И Версдорф находился не под, не за и не над Берлином. Он мною на карте был обнаружен под городом Дрезденом, совсем рядом с чешской границей. То есть на самом-самом юге Восточной Германии. Расстояние выглядело внушительно. Необходимо было преодолеть полстраны. Но делать было нечего. Надо было ехать в Дрезден.
На табло вокзала я поездов до Дрездена не обнаружил, но почти сразу подумал, что Берлин всё же не Кемерово и не Томск, в этом городе может быть несколько вокзалов. Тогда я купил карту железных дорог и железнодорожную схему Берлина. Вскоре я уже ехал в вагоне метро на Главный вокзал и был собой доволен.
Жарким вечером, в начале шестого, поезд до Дрездена отошёл от главного вокзала немецкой столицы и повёз меня на юг. Народу в вагоне было довольно много. Все спокойные, приятные, улыбчивые. Многие сразу достали газеты или книги.
Привычный к гигантским расстояниям, когда если надо ехать из Кемерово поездом в другой город, то изволь закладывать на это минимум ночь, в Берлине я удивился тому, что вагоны до Дрездена были «сидячие», как в наших электричках и пригородных поездах. Я мысленно приготовился ехать сидя весь вечер и ночь.
По дороге я изучал возможности и пути, по которым можно было добраться из Дрездена до Версдорфа. Железная дорога мне была привычнее всего.
Каково было моё удивление, когда менее чем через три часа пути на одной из станций все люди разом вышли из вагонов. Я глянул в окно, увидел большое здание вокзала и табличку на перроне с надписью «Drezden».
Часов в десять вечера я сел на пригородный поезд и поехал в ближайший к населённому пункту Версдорф город под названием Бишофсверда. Поезд тот шёл медленно, через каждые десять минут останавливался на станциях. За окнами было темно, и вскоре в вагоне, да и во всём поезде я остался один. Поезд состоял из трёх вагонов, как игрушечный.

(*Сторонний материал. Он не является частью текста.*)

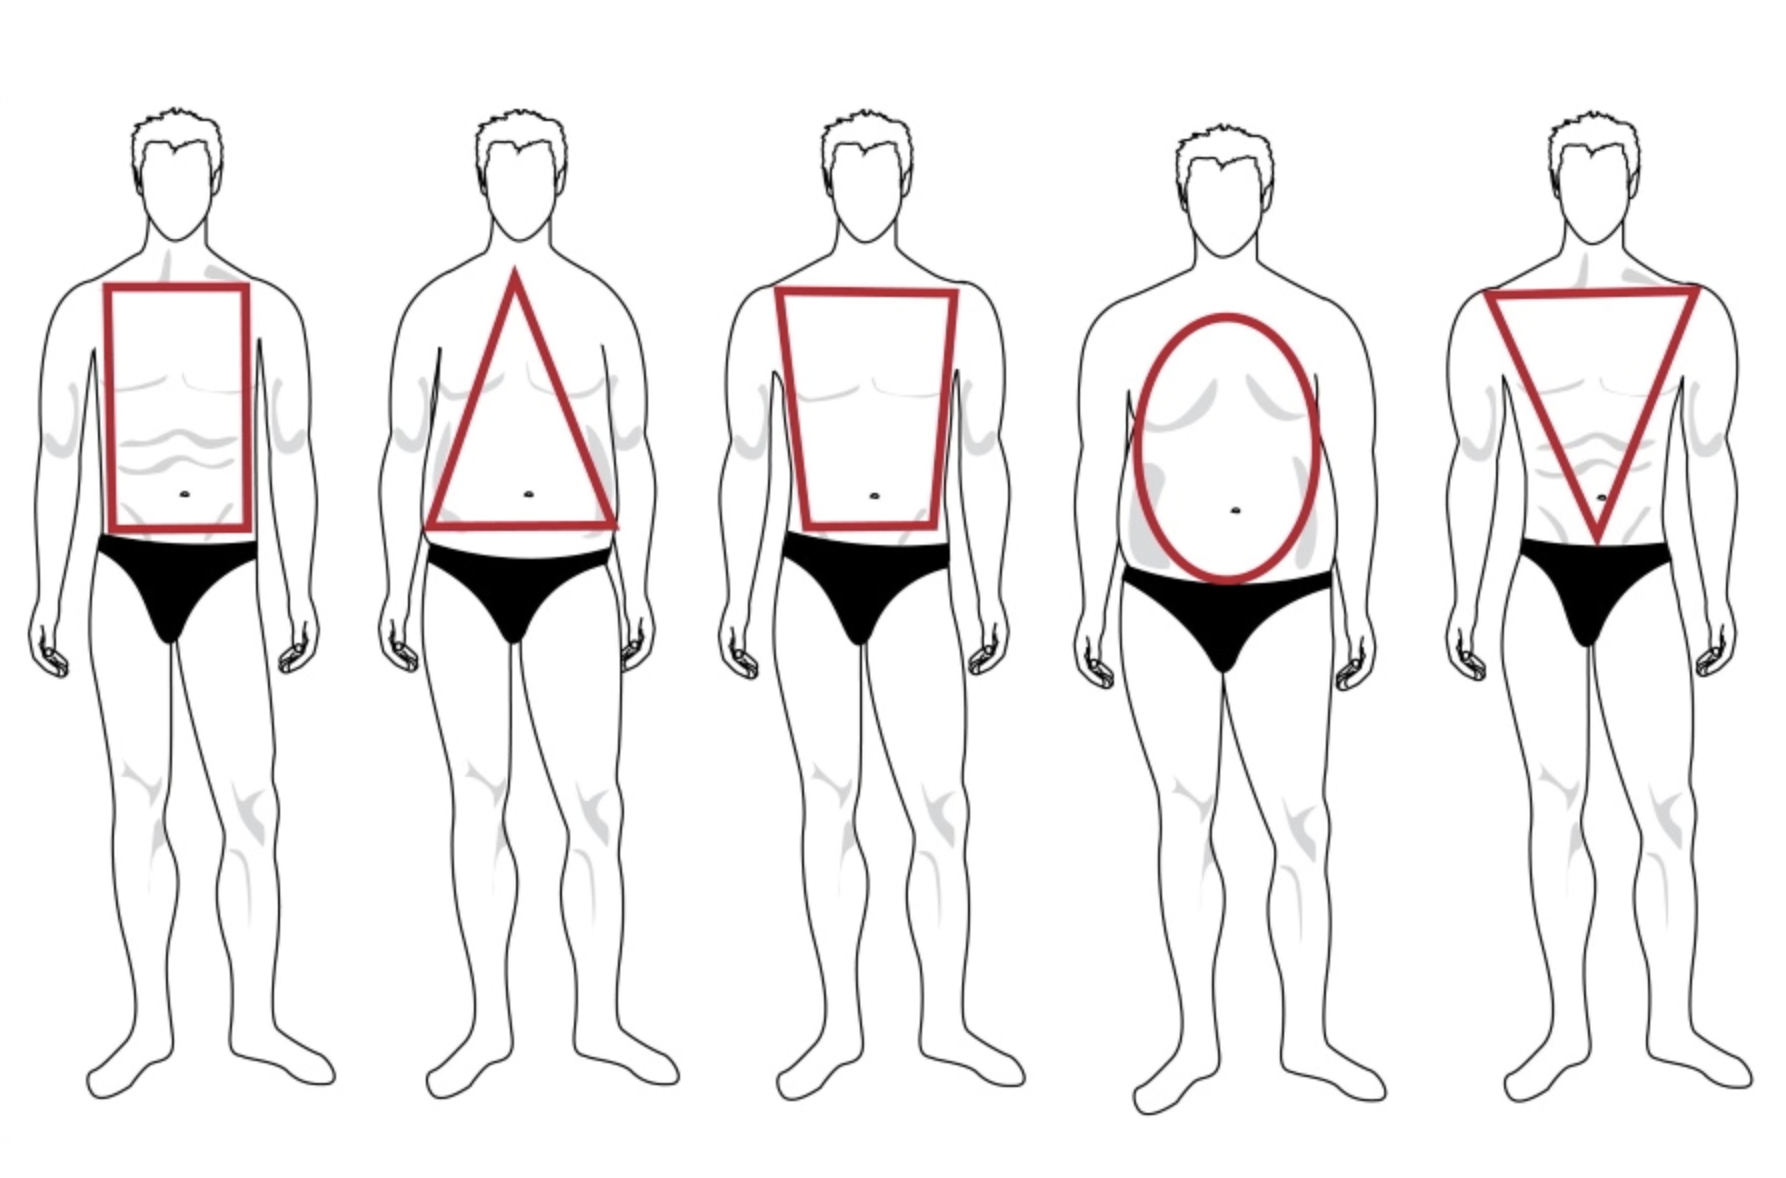 Типы телосложения у мужчин. Виды мужских фигур. Типы фигур у мужчин. Основные типы мужской фигуры.

На станции Бишофсверда ни одного человека ни на перроне, ни в крошечном здании вокзала, ни на привокзальной площади я не увидел. В ближайших домах не горело ни единого окна. Поезд, на котором я приехал, ушёл, и наступила полная тишина. Благо здание вокзала было открыто. В маленьком зале горел свет. Все двери, кроме туалета, были заперты. Но всё же в зале стояла длинная скамейка, в туалете был унитаз и умывальник, в умывальнике была вода.
Мне ничего не оставалось, кроме как успокоиться и переночевать на имеющейся скамейке. До Версдорфа по железной дороге доехать было невозможно, так как железная дорога до этого пункта проложена не была. Нужно было дождаться утра, людей и уже у них узнать, каким транспортом я могу доехать до единственного известного мне адреса во всей Германии.
Всю ту ночь я мёрз. Надел на себя что мог, но не согрелся. Было прохладно. Дремал сидя. В здание вокзала залетали голодные, мелкие и злые комары. Без сомнения, я во всём Бишофсверда и намного километров вокруг был единственным доступным им человеком. Я бил комаров и думал, что бью немецких комаров. Дед, ветеран войны, обязательно оценил бы иронию ситуации.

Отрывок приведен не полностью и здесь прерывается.